L’implication de cette association entre microbiote et inflammation dans le CCR a été mis en évidence dans des modèles murins d’inflammation chronique intestinale (souris IL10-/-, Nod2-/- traitées à l’AOM et/ou DSS). Une modification du microbiote des souris IL10-/- a été observée après le traitement AOM/DSS comparativement à celui des souris non traités. Il a été montré que l’induction de dysbiose dans des modèles murins IL10-/- ou Nod2-/- favorise l’augmentation des colites associées au CCR (Arthur et al., 2012; Chen et al., 2008; Couturier-Maillard et al., 2013; Uronis et al., 2009). De plus, cette inflammation est accompagnée d’un développement tumoral plus rapide chez les souris porteuses d’un microbiote conventionnel et traitées à l’AOM, comparativement à des souris axéniques ayant subi le même traitement. Plus

74 précisément une augmentation du nombre et de la taille des tumeurs a été observée (Couturier-Maillard et al., 2013; Uronis et al., 2009). Ces résultats suggèrent donc que le microbiote peut induire le développement d’un CCR via l’augmentation de l’inflammation colique.

L’induction d’un micro-environnement inflammatoire par les bactéries associées au CCR a également été décrite dans des modèles murins et in vitro. Par exemple, B. fragilis induit la sécrétion de cytokines pro-inflammatoires IL-8, MIP-2, CCL2, MCP-1 et CXCL-1 par les cellules épithéliales par l’activation des voies NFкB, p38, COX-2 et β-caténine.
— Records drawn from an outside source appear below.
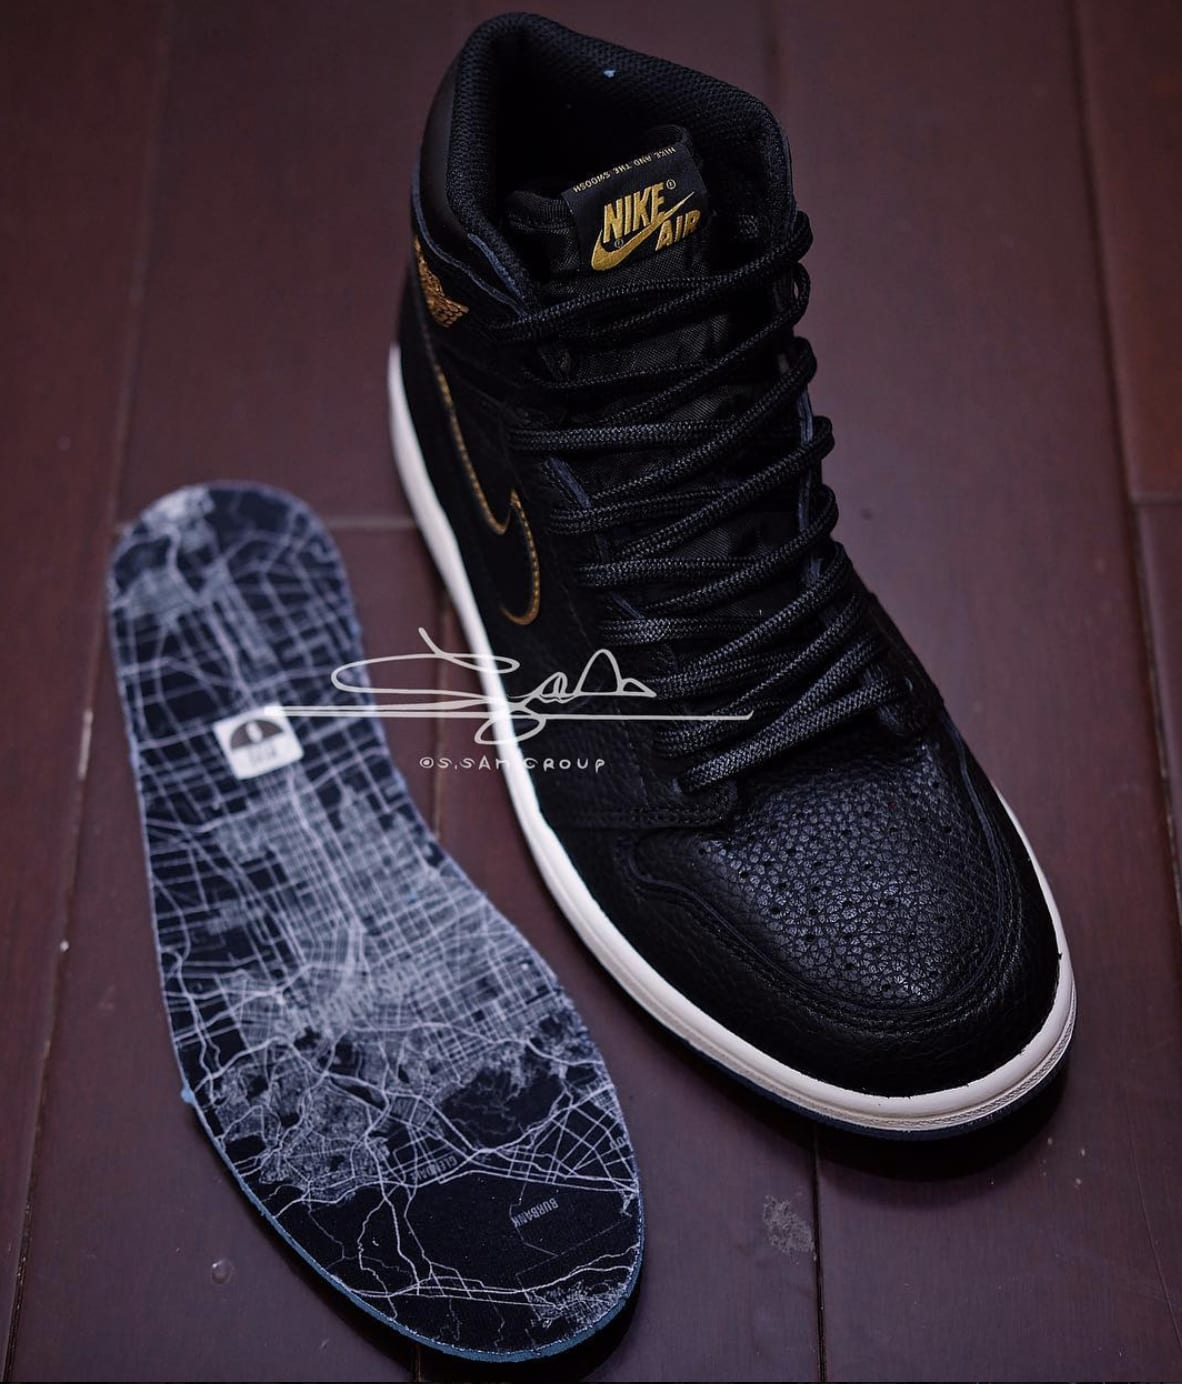 2018 Men Air Jordan 1 All Star Black Gold Shoes
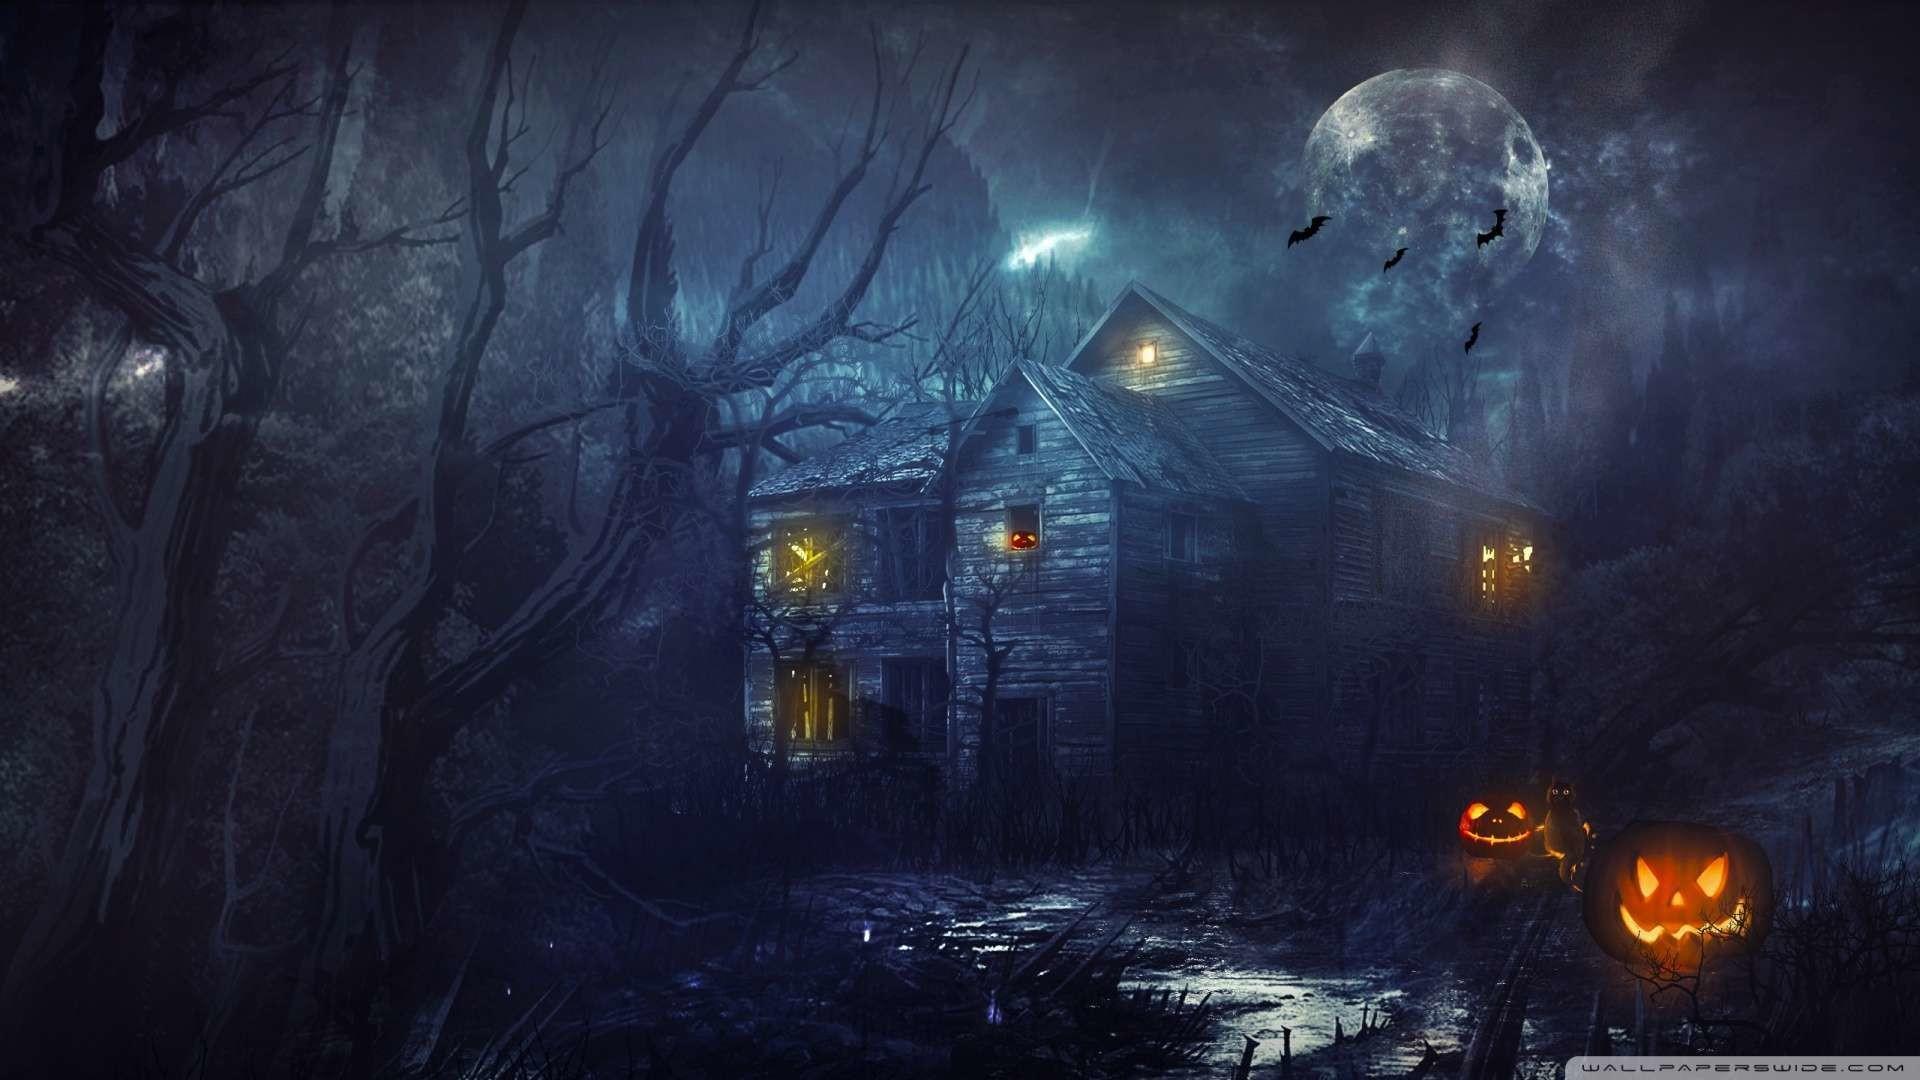 Popular Wallpaper Mac Halloween - 1137438-hd-halloween-wallpapers-1080p-1920x1080-for-mac  Trends_934072.jpg
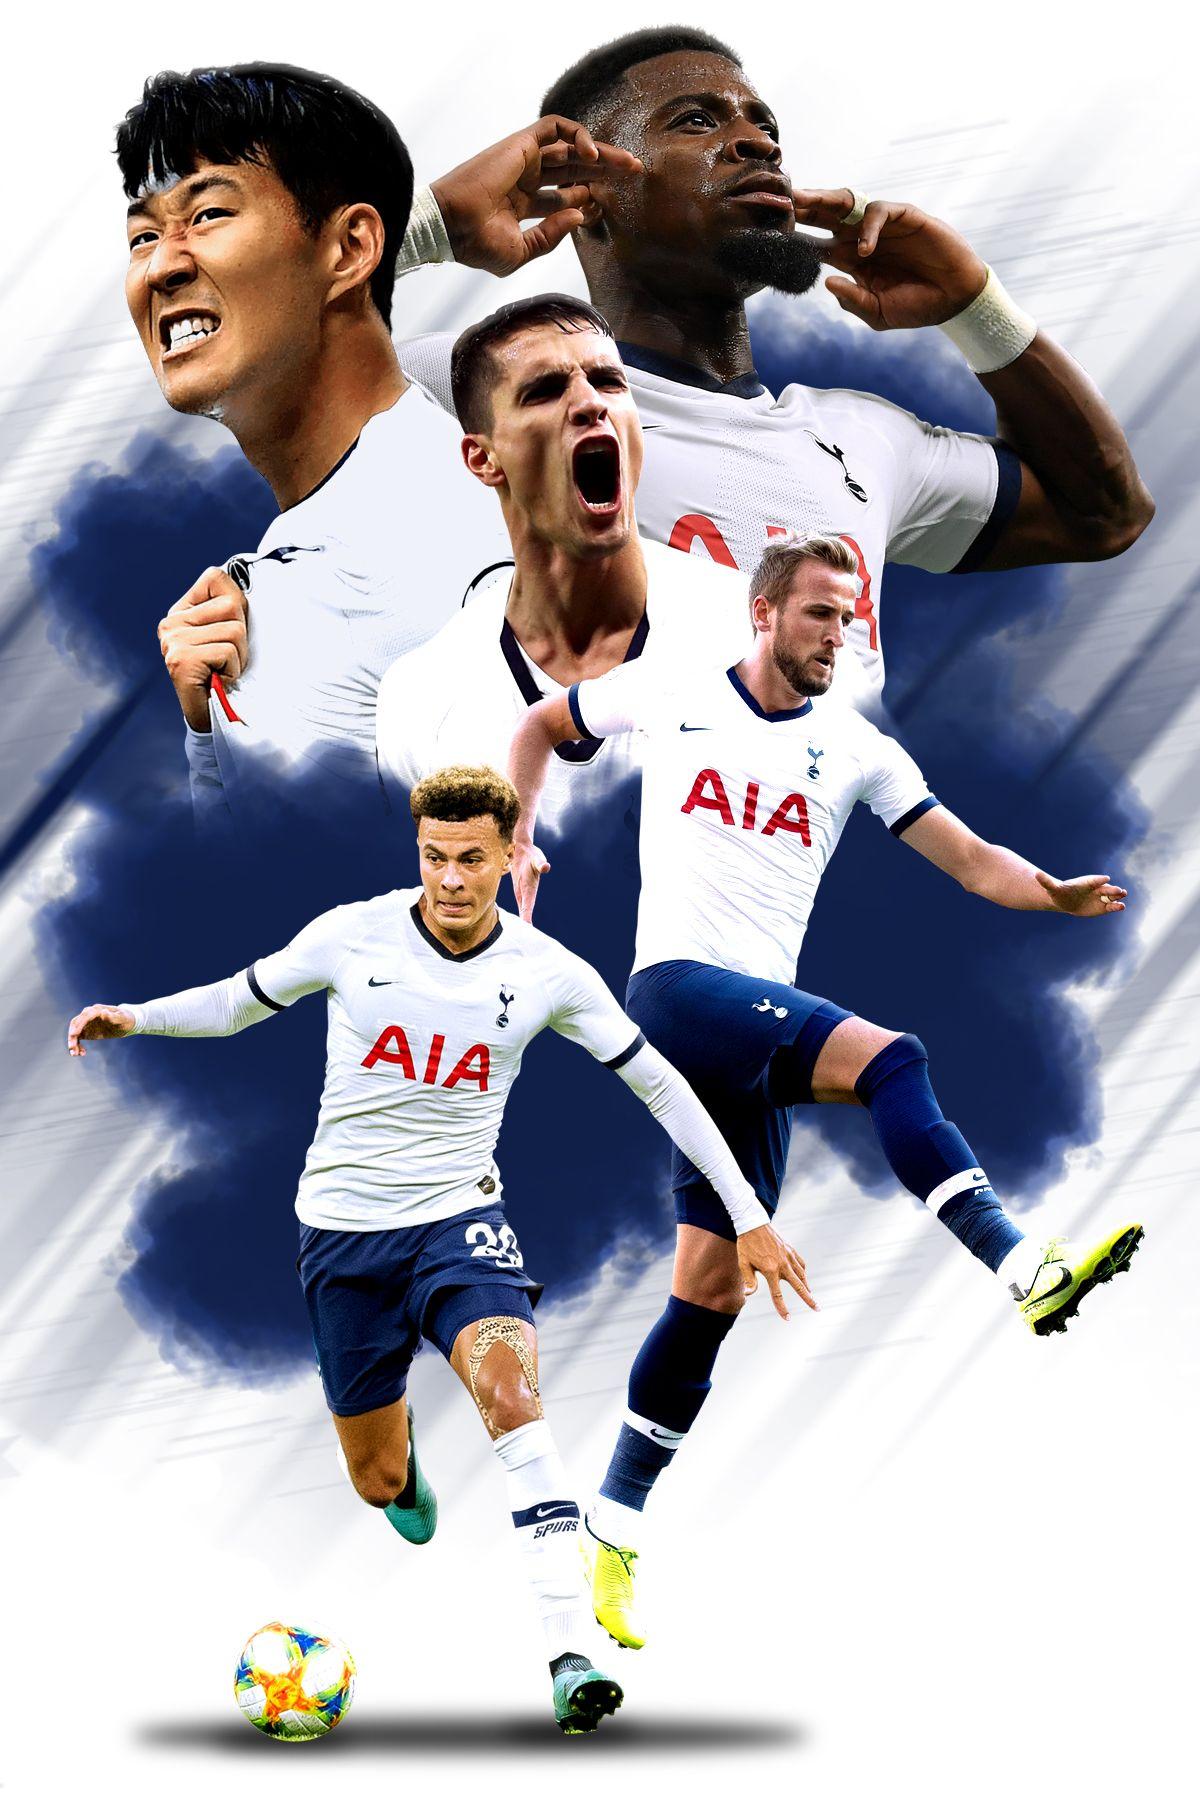 Tottenham Hotspur Poster In 2020 Tottenham Hotspur Tottenham Hotspur Wallpaper Tottenham Hotspur Players

Ces cytokines participent au recrutement des macrophages et des polynucléaires favorisant à leur tour l’inflammation au site d’infection (Kim et al., 2002, 2005a, 2008; Ko et al., 2016; Sears, 2009; Wu et al., 2003, 2004). Une augmentation de la réponse LT Th17 par ce pathogène, a également été mise en évidence par l’activation de la voie STAT3 (Wu et al., 2003). Il a été mis en évidence dans le modèle APCMin/+que cet effet était impliqué dans les processus de colites, d’hyperplasie intestinale et de tumorigenèse colique (Chung et al., 2018; Housseau and Sears, 2010; Wu et al., 2009). Ces mécanismes pro-inflammatoires induits par B. fragilis sont dépendants de la toxine BFT. Une augmentation des cytokines IL-1β, IL-8 accompagnée d’une activation des voies NFкB et COX-2 a été décrite dans des tissus de patient atteint de CCR séropositifs pour S. gallolyticus par rapport à des individus séronégatifs pour cette bactérie (Abdulamir et al., 2011). Ces effets ont également été observé et associé à la carcinogène colique dans des modèles animaux (traités à l’AOM) (Ellmerich et al., 2000; Kumar et al., 2018b). D’autres études montrent également le pouvoir pro-inflammatoire de F. nucleatum dont l’infection entraine une augmentation des cytokines IL-1β, IL-8, IL-6 et TNF-α dépendante là encore de l’activation de la voie COX-2 et liée aux recrutement de macrophages (Kostic et al., 2013). L’augmentation de l’IL-8 et de l’IL-6 semblent liée à l’activation de la voie Wnt/β-caténine (Rubinstein et al., 2013). Plus récemment, l’action de F. nucleatum sur la prolifération cellulaire a également été mis en évidence sur un même modèle de xénogreffe, où cette fois-ci les voies de signalisation impliquant NFкB et le TLR4 étaient activées, favorisant la prolifération et le potentiel invasif des cellules tumorales (Yang et al., 2017).

Un recrutement massif de macrophages dans la muqueuse colique est également observé après infection par E. faecalis (Balish and Warner, 2002; Wang et al., 2012b, 2013; Yang et al., 2012). Les macrophages infectés produisent des mutagènes tels que le 4-Hydroxy-2-Nonenal (4-HNE) favorisant la dysplasie et la carcinogenèse (Wang et al., 2008, 2015). Ils favorisent

75 aussi l’apparition de cellules souches cancéreuses par une sur-activation de la voie Wnt/β -caténine (Wang et al., 2017b).